• Exercise brief: What is wanted is the full listing, word for word, without its pictures.

Start of Recorded information

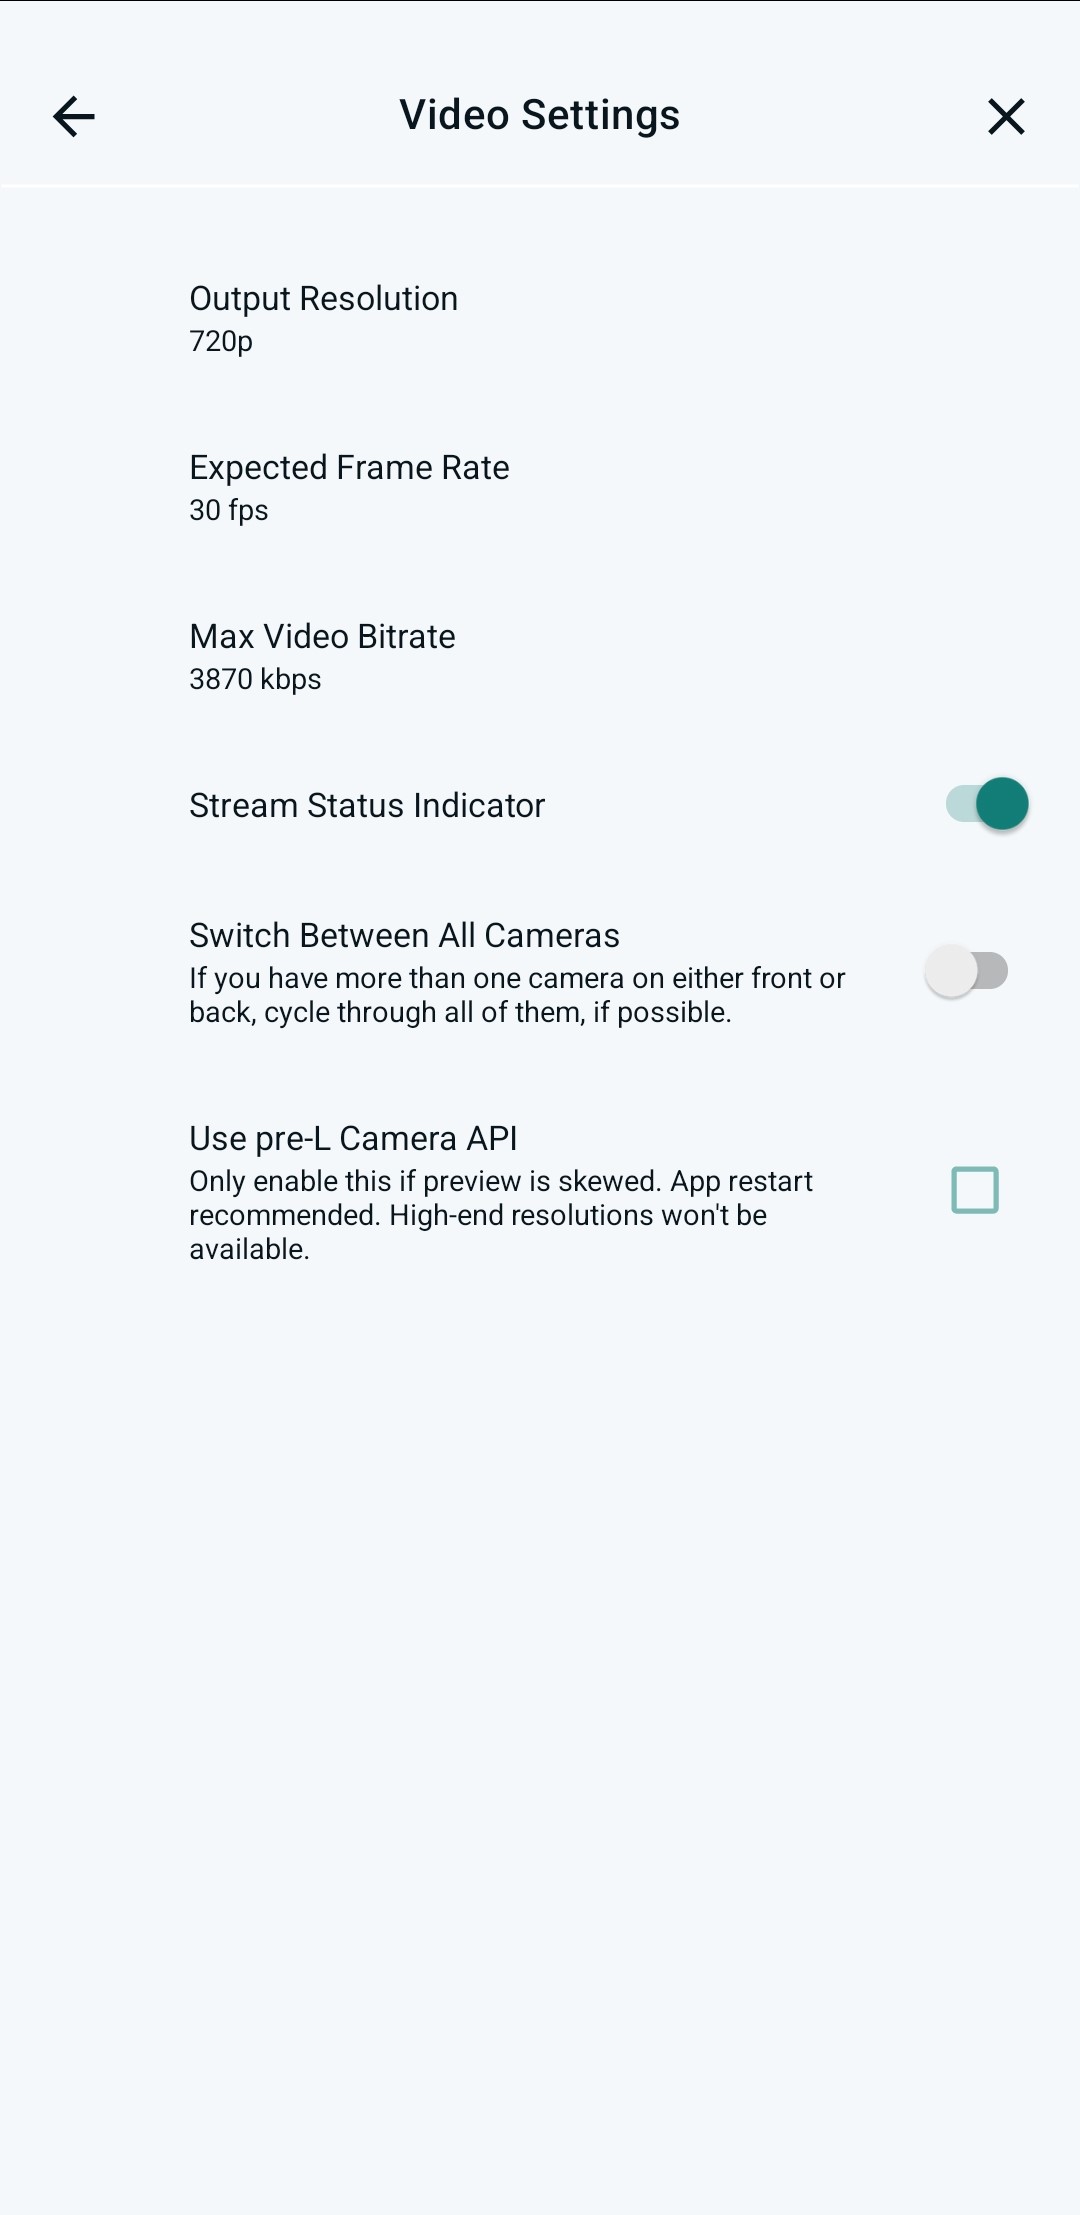 Setting video resolution and bitrate for streaming
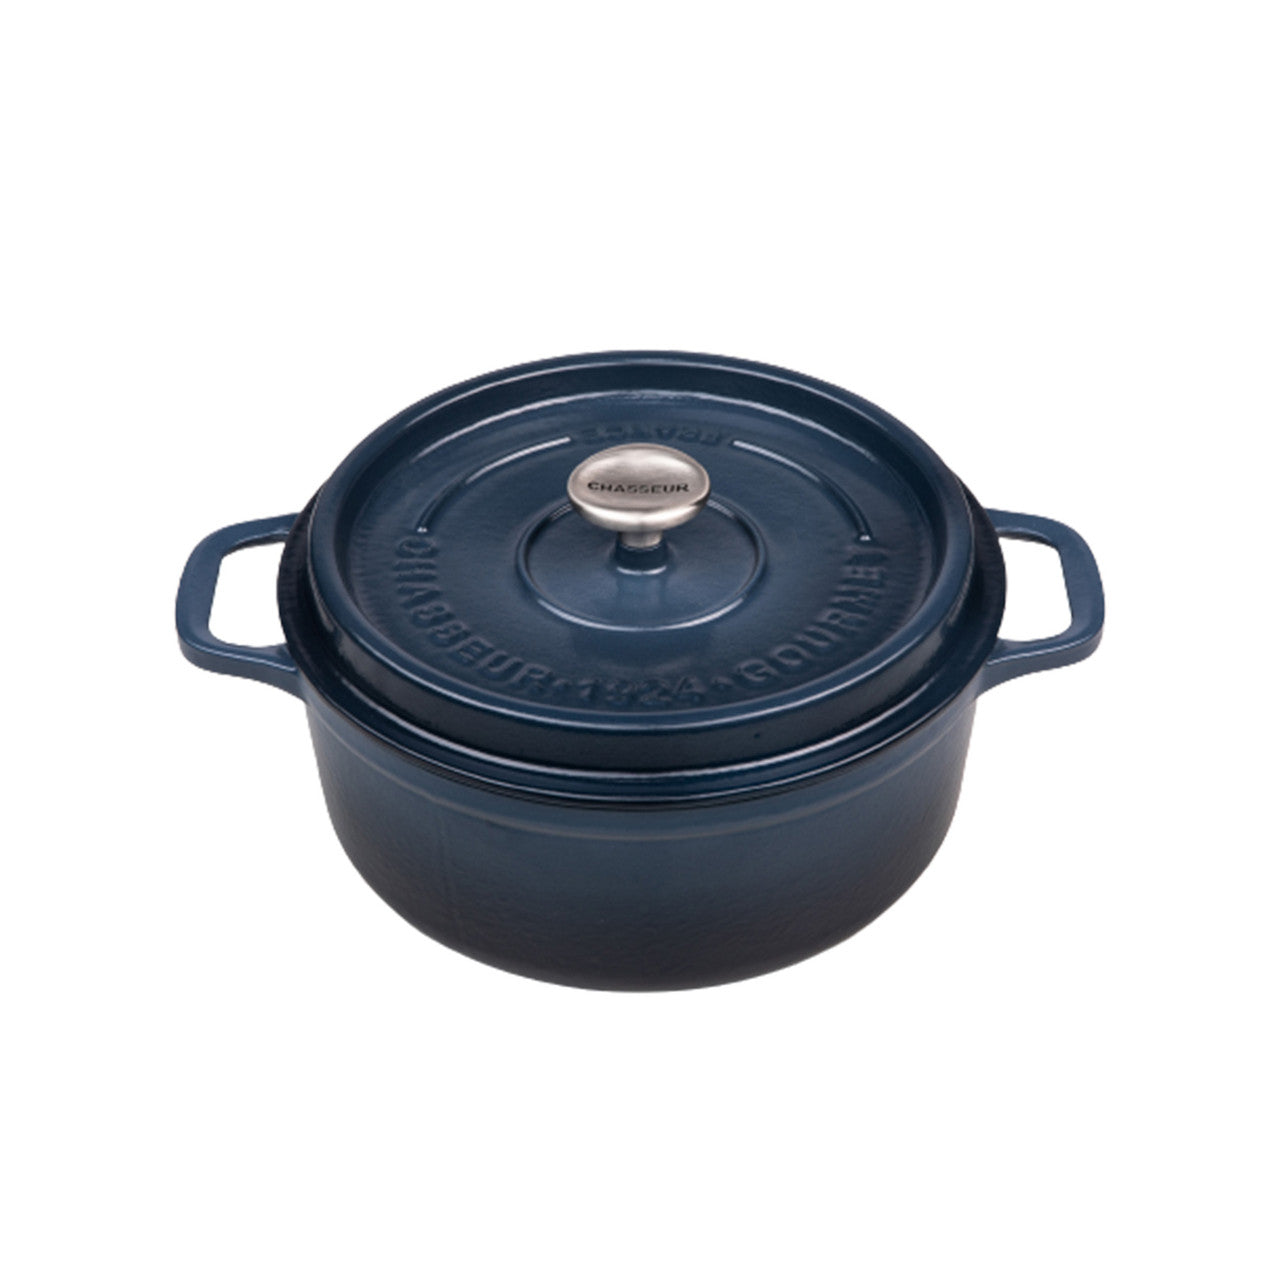 Chasseur Gourmet Round French Oven 26cm 5L Midnight Blue
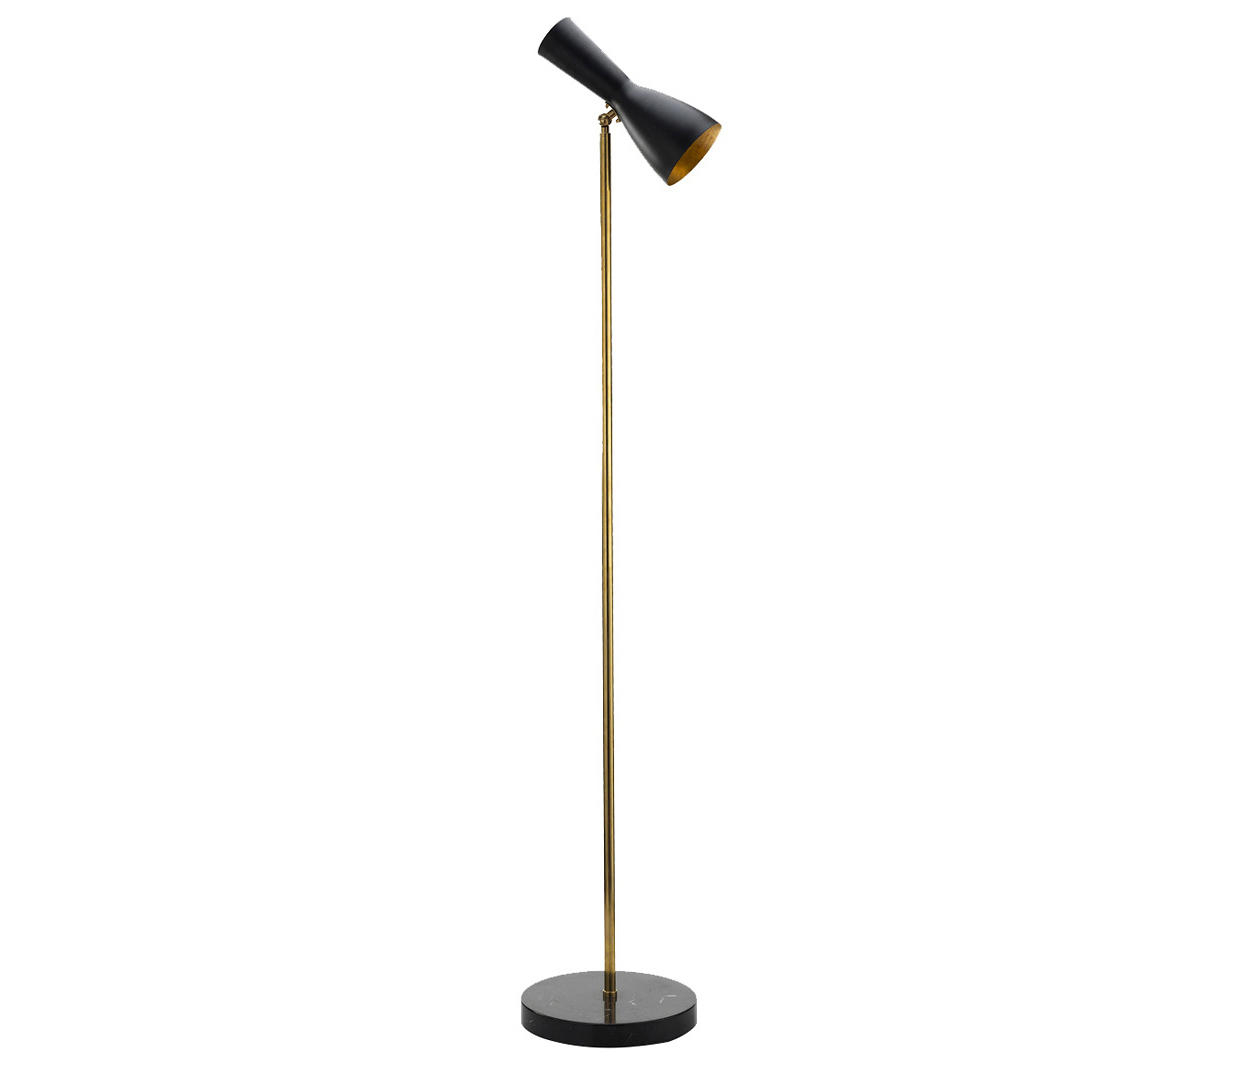 Wormhole Vintage Floor Lamp Architonic throughout sizing 1250 X 1068
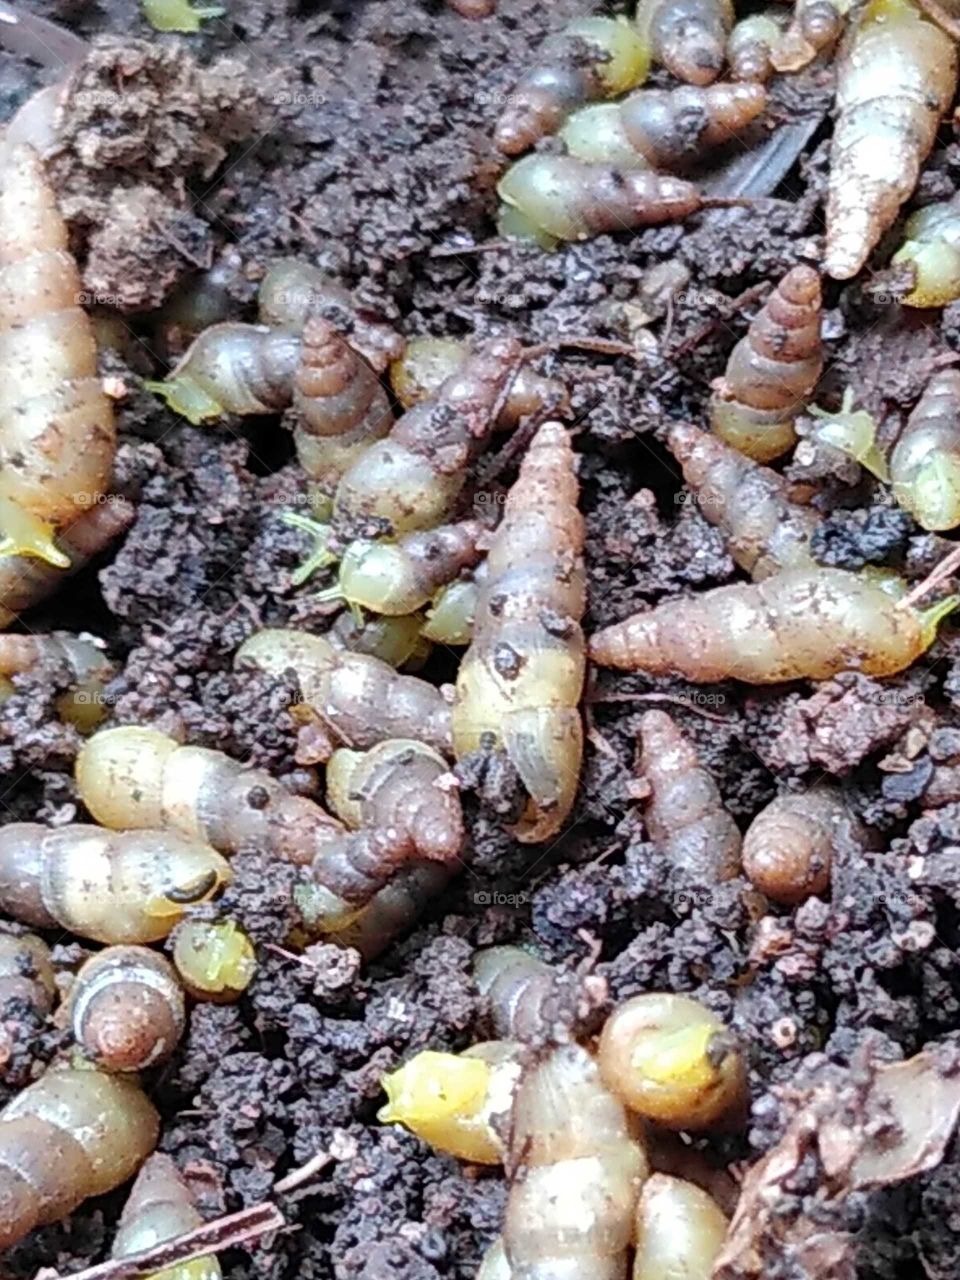 snails in the compost

End of Recorded information

• Result of the task:
 Setting video resolution and bitrate for streaming
 Chasseur Gourmet Round French Oven 26cm 5L Midnight Blue
 Wormhole Vintage Floor Lamp Architonic throughout sizing 1250 X 1068
 snails in the compost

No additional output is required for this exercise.